Rugged computers are specifically engineered and designed to operate reliably in harsh environments where they may be subject to extreme temperatures, moisture, pressure, shock and vibration, power variance, and other factors. Engineers carefully select components that not only have the ability to withstand these extremes but also give off minimal thermal energy. High-retention connectors and locking fasteners are often incorporated as tactics against intense shock and vibration. As part of the certification phase, rugged computers can be subjected to testing for temperature, humidity, and condensation resistance; particle contamination resistance; water intrusion resistance; and shock and vibration.
How Can You Achieve SWaP Optimization and Rugged Performance?
By leveraging PCIe/104 and COM Express technology, embedded computer engineers and manufacturers are able to provide custom, application-specific functionality that addresses processor and I/O requirements. These approaches are particularly conducive to meeting compact design challenges as PCIe/104 stacks vertically while COM Express allows for the board size to adapt horizontally to meet footprint restrictions.
Once the COM specifications are met, processing needs can be addressed so that the design can be purpose-built, up to achieving high processing capabilities for performance at the edge. Robust I/O configuration allows for peripherals to connect to the primary system controller, increasing versatility and allowing for future adaptations.

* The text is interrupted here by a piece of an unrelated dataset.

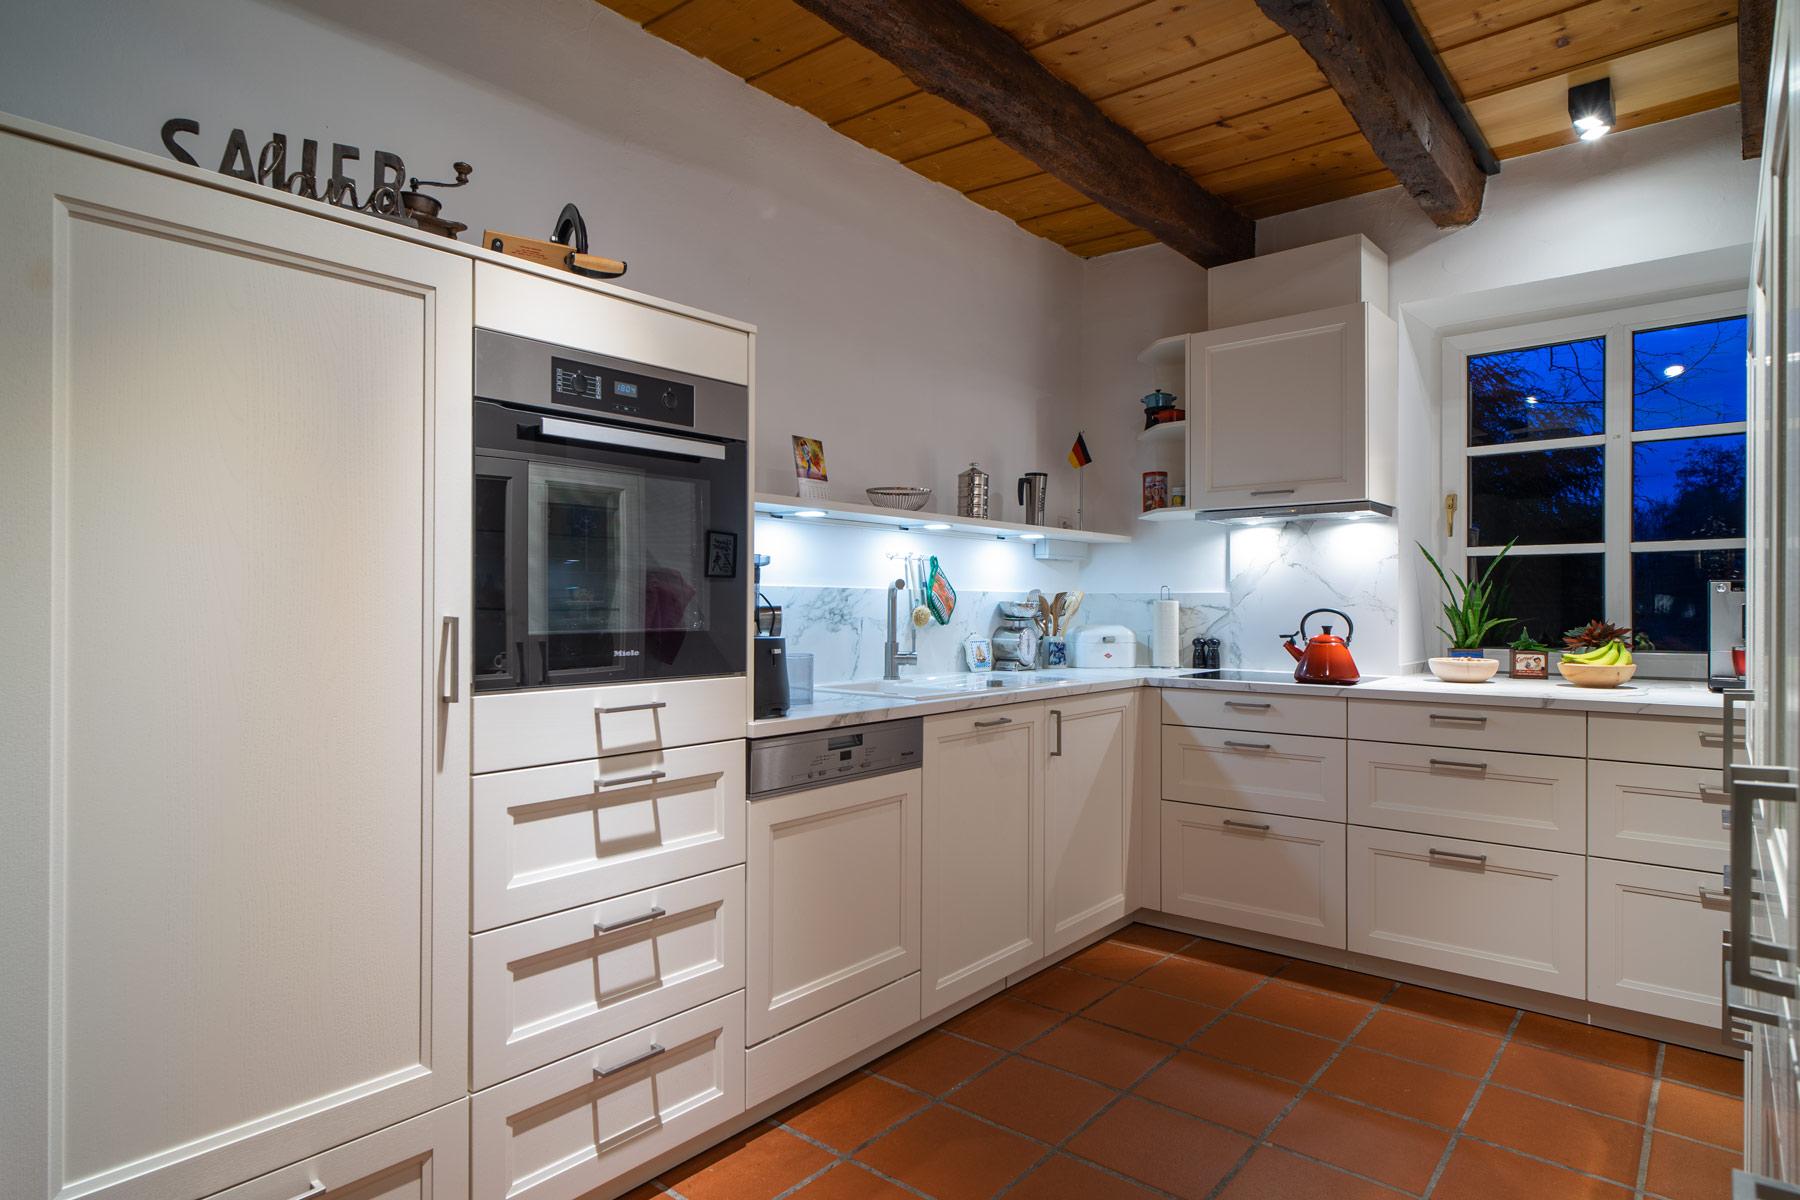 Traditionell eingerichtete Küche eines Landhauses in Schmallenberg

Selecting a partner with extensive, proven experience becomes even more vital when not only SWaP metrics are at play but when environmental conditions are a primary influencing factor. More components in less space generates more heat and less available flow. Component selection and placement, as well as power estimation, are early steps in the thermal management process. Fans are presented as a common solution for heat dissipation: however, they introduce moving parts and increase the opportunity for failure. Designers of rugged, high-reliability electronics look to other methods to remove heat from the system including heat sinks or heat pipes, as well as mechanical enclosures that employ conductive materials and fins or rods along the device exterior.
SWaP optimization is a desirable methodology to apply to any system design. Though the combination of SWaP and rugged can be challenging, it is attainable through partnering with an experienced provider to evaluate your specifications and design to meet requirements.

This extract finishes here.